Факты показывают, что армия и флот не только широко используют свое независимое от правительства положение, не только предохраняют себя от вмешательства парламентских партий и политических деятелей во внутренние дела армии, но, опираясь на эти уже давно завоеванные позиции, идут и дальше, стремясь полностью подчинить себе правительство, парламент и политические партии. Эти претензии в значительной степени опираются на исторические традиции весьма недавнего прошлого. В сущности всю вторую половину пореформенного существования Японии — с 1895 до 1922 г. — фактическим диктатором страны был глава клана Циосю, т. е. крупнейший представитель военного дворянства, маршал Ямагата, который в качестве самого влиятельного члена «генро» вершил судьбами страны. Под его покровительством армия, т. е. возглавлявший армию клан военного дворянства Циосю, стала решающей силой государственной власти, и фактически сама монархия (император и его двор) находились в руках армии. Милитаристические кабинеты ген. Кацура и ген. Терауци и подобные им правили Японией до конца мировой войны.

В конце 1918 г. было сформировано первое парламентское правительство Хара. Это правительство, сформированное партией Сейюкай в разгар интервенции против Советской республики, целиком поддерживало агрессивные планы клана Циосю, безраздельно властвовавшего в то время в армии. Факт возникновения парламентских кабинетов тем не менее несколько суживал сферу непосредственного контроля армии над политической жизнью страны. В основе этого явления лежали выросшие претензии буржуазии, окрепшей и колоссально разбогатевшей в годы мировой войны и стремившейся теперь приблизиться к непосредственному участию в управлении страной, а также быстрый рост революционного движения, начиная с «рисовых бунтов» 1918 г., что заставляло маскировать военную диктатуру «партийными правительствами» и другими парламентскими побрякушками.

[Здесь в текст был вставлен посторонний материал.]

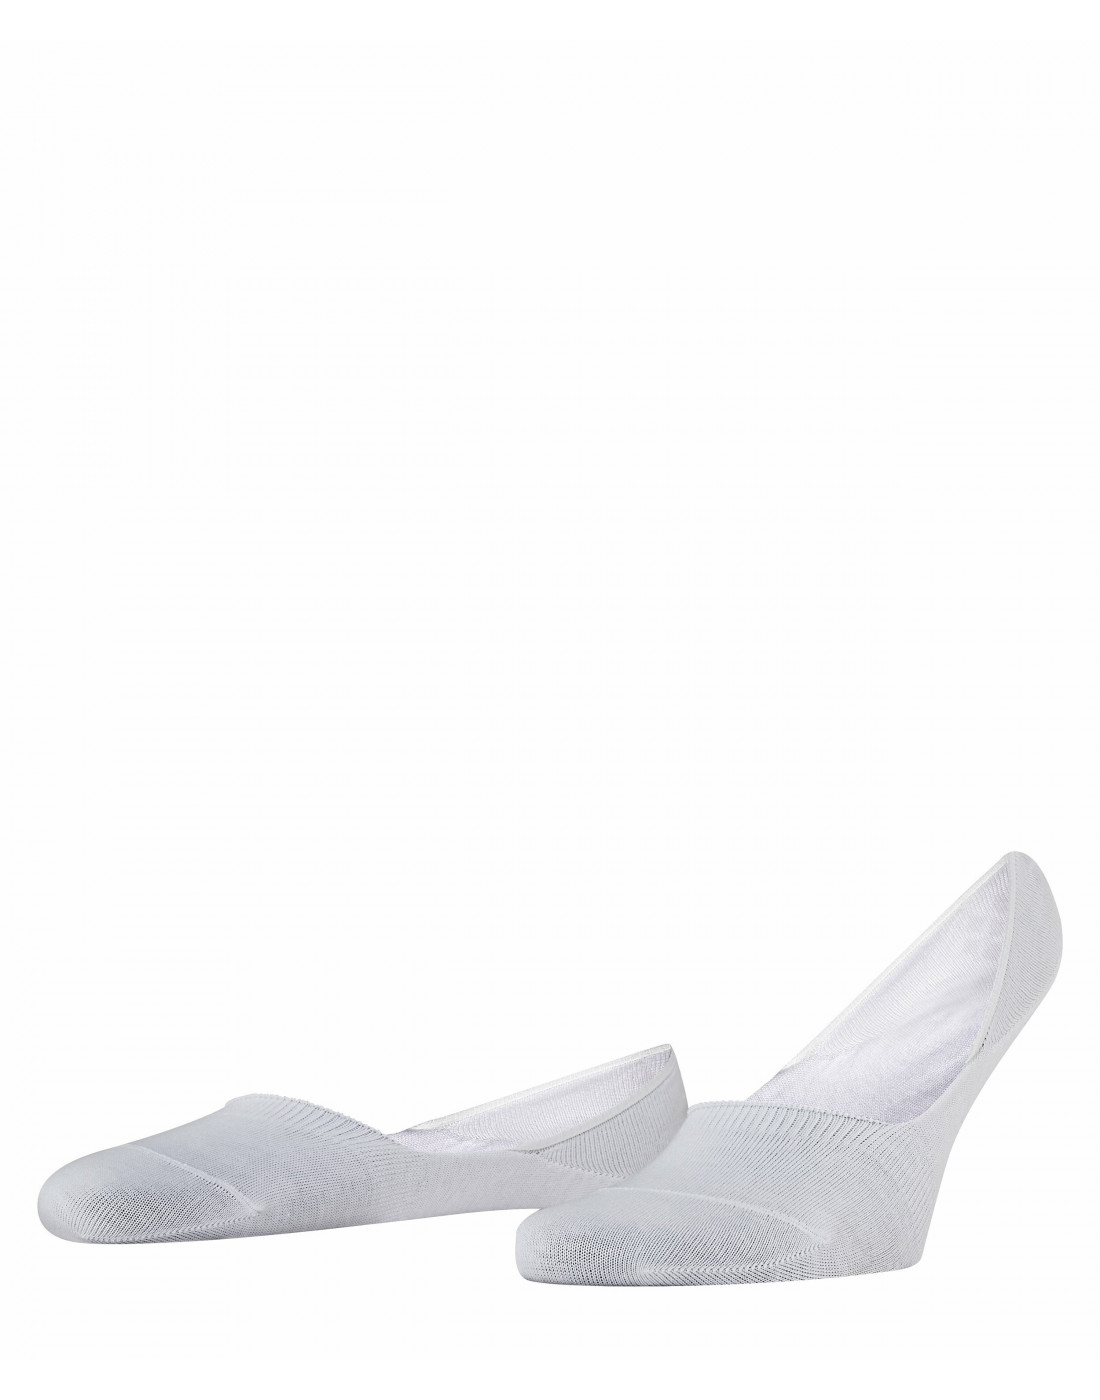 Шкарпетки білі чоловічі-1

В японской прессе после мировой войны начинают все громче раздаваться голоса критики, направленной против непомерных претензий военщины на руководство всем государственным аппаратом. В особенности после Вашингтонской конференции, означавшей крах политики крайних авантюристических элементов, ряд газет, связанных с буржуазными кругами, выставляет требование «невмешательства военных в политику» 1.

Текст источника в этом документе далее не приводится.